Example of feature extraction¶
[6]:
from sklearn.datasets import load_diabetes
X, y = load_diabetes(True)
print(X.shape)
print(y.shape)
(442, 10)
(442,)
[7]:
pca=PCA(2)
pca.fit(X)
print(pca.explained_variance_)
Z=pca.transform(X)
plt.axis('equal')
plt.scatter(Z[:,0], Z[:,1]);
[ 0.0091252 0.00338394]
[8]:
rng=np.random.RandomState(0)
X=rng.randn(3,400)
p=rng.rand(10,3) # Random projection into 10d
X=np.dot(p, X)
print(X)
[[ 0.4891489 0.05331736 0.22206019 ..., -0.38084297 -0.71682684
0.07960158]
[ 1.43327136 0.08236987 0.83741626 ..., -0.56888509 -1.0661402
0.30652977]
[ 0.39117808 -0.22450206 0.56194345 ..., -0.00355792 0.28652033
0.00938993]
...,
[-0.35164664 -0.99714767 0.79151041 ..., -1.11453672 -0.63849744
-0.72193644]
[ 1.34095136 -0.32676544 1.33260878 ..., -0.2610145 -0.01341865
0.16976249]
[ 1.34454622 0.55682337 0.22536013 ..., -0.3262513 -1.25934636
0.52731505]]
[9]:
pca=PCA()
pca.fit(X)
v=pca.explained_variance_
print(v)
plt.plot(np.arange(1,11), np.cumsum(v));
[ 5.84366626e+01 3.69031722e+01 1.56915171e+01 2.39492996e-29
6.40732397e-30 1.94630708e-30 1.45347633e-30 4.28030379e-31
2.60778979e-31 1.54023377e-31]
This exercise can give two points at maximum!
Part 1.
Write function explained_variance
which reads the tab separated file “data.tsv”. The data contains 10 features. Then fit PCA to the data. The function should return two lists (or 1D arrays). The first list should contain the variances of all the features. The second list should consist of the explained variances returned by the PCA.
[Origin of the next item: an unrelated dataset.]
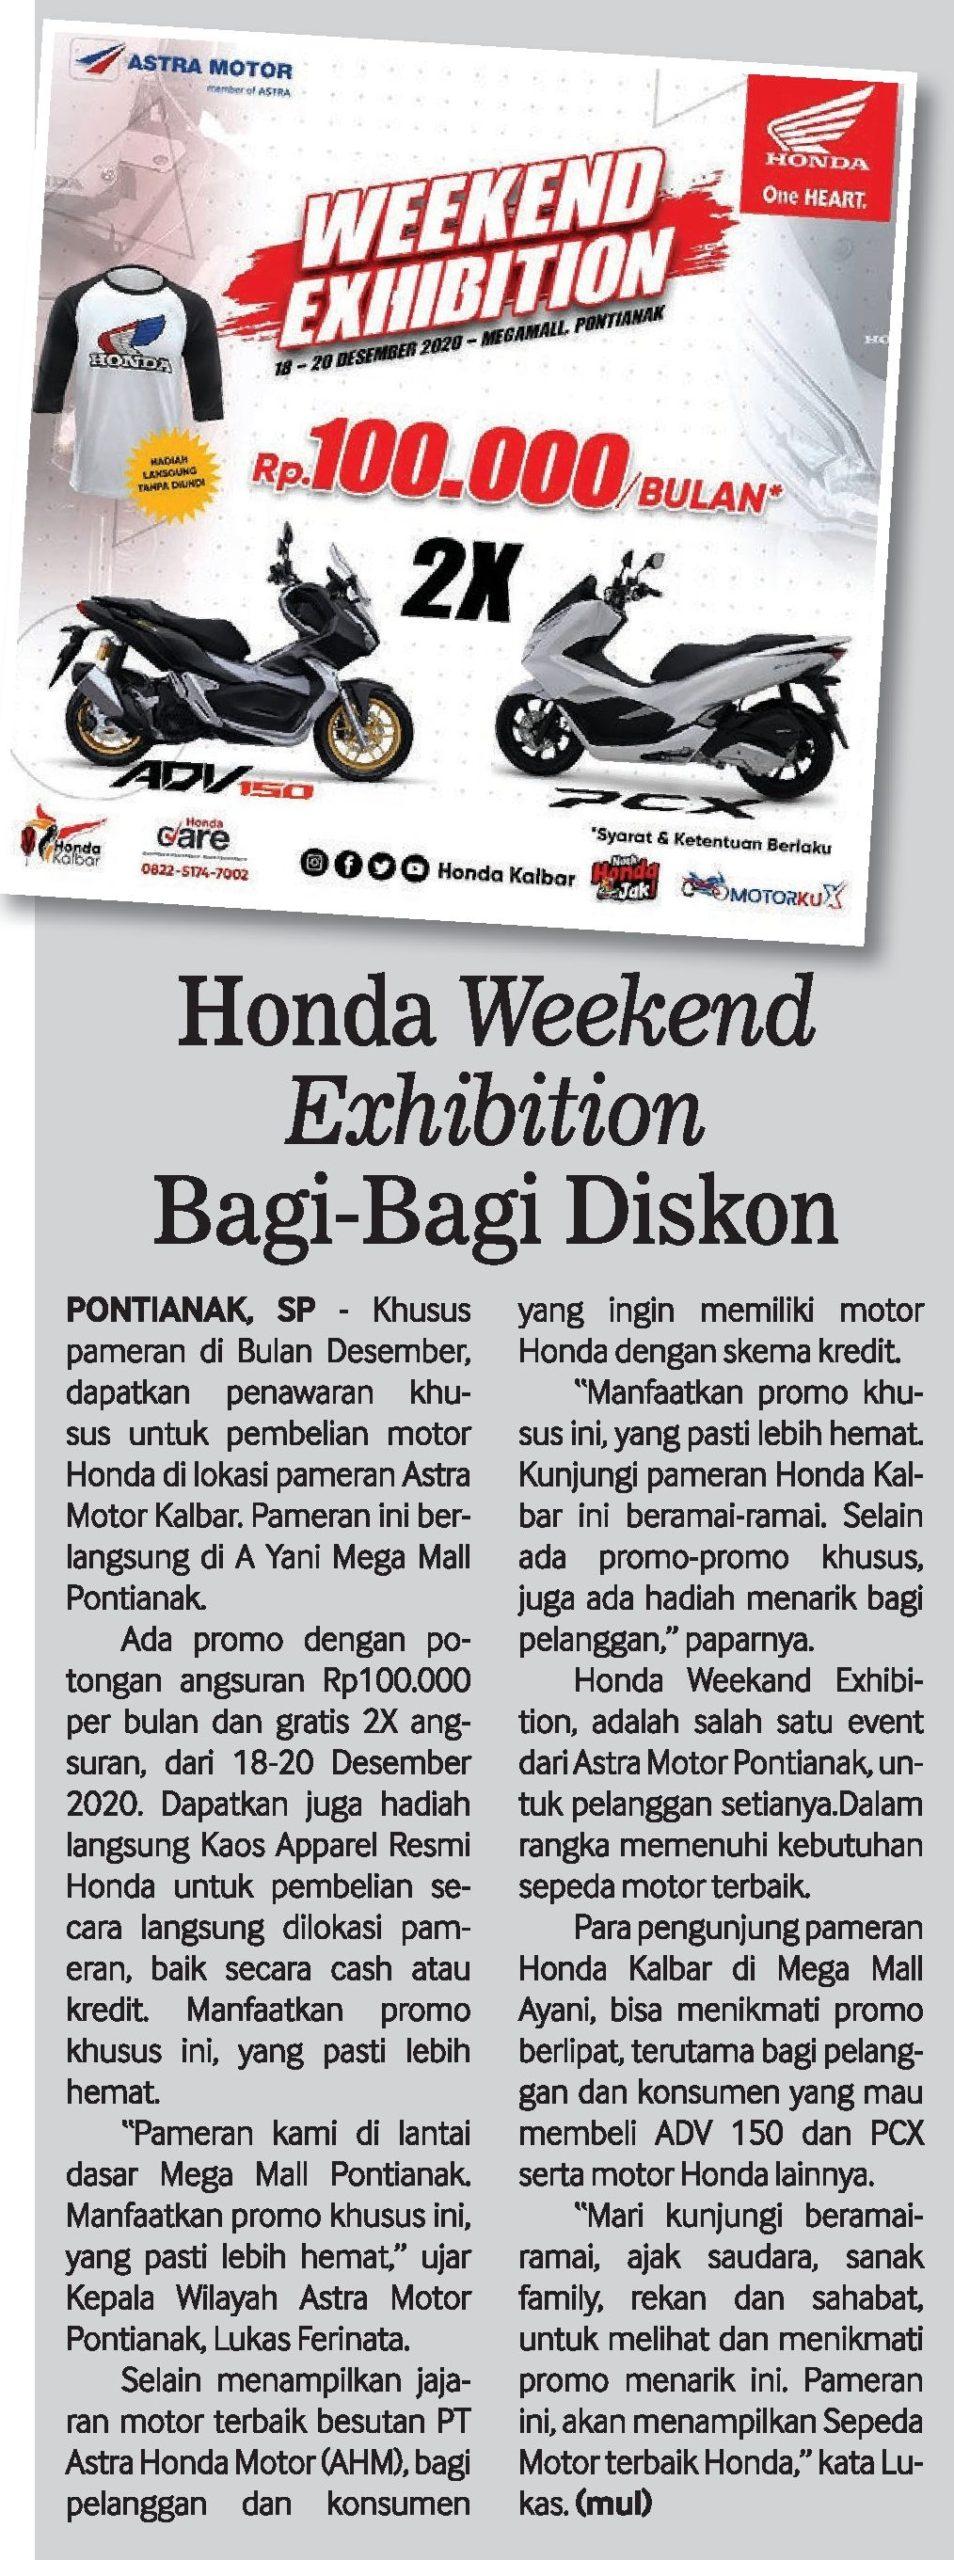 HONDA WEEKEND EXHIBITION BAGI BAGI DISKON

In the main function print these values in the following form:
The variances are: ?.??? ?.??? ...
The explained variances after PCA are: ?.??? ?.??? ...
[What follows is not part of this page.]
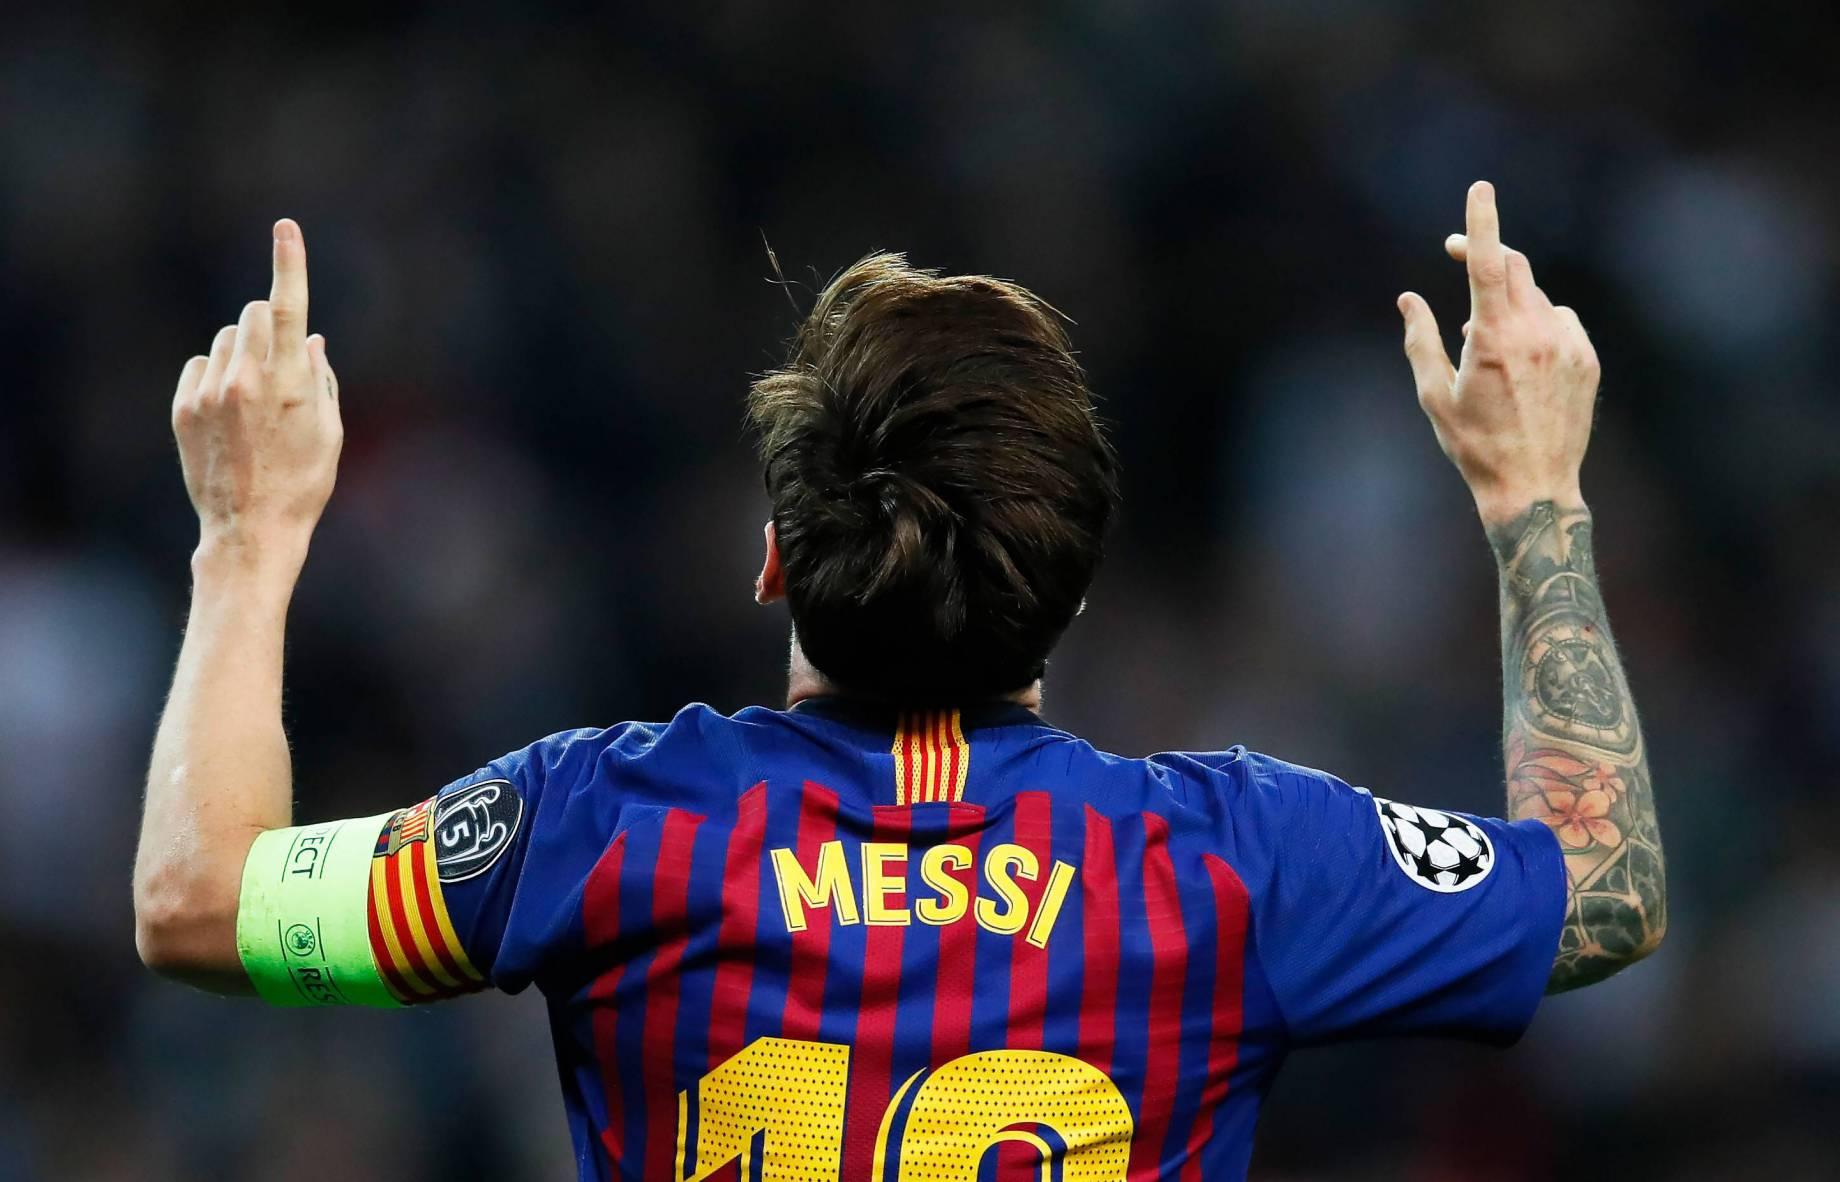 Messi IMAGE

Print the values with three decimal precision and separate the values by a space.
Part 2.
Plot the cumulative explained variances. The y-axis should be the cumulative sum, and the x-axis the number of terms in the cumulative sum.
Summary (week 6)¶
We got to know another supervised learning method, namely, naive Bayes classification
We saw examples of naive Bayes classification where either Gaussian or multinomial distribution was used to model the features of samples belonging to a class
We saw how to use cross validation to asses prediction abilities of a model. This allows us to be sure that the model is not overfitting.
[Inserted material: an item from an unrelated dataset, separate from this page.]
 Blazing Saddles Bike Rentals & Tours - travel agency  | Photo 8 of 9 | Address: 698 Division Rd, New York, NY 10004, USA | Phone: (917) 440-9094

In the clustering section we saw examples of using k-means, DBSCAN, and hierarchical clustering methods. They have different approaches to clustering, and each have different strengths.
Clustering is based on the notion of distance between the points in the data.
Principal component analysis is another example of unsupervised learning
It can reduce the dimensionality of a data by throwing away those dimensions where the variability is low.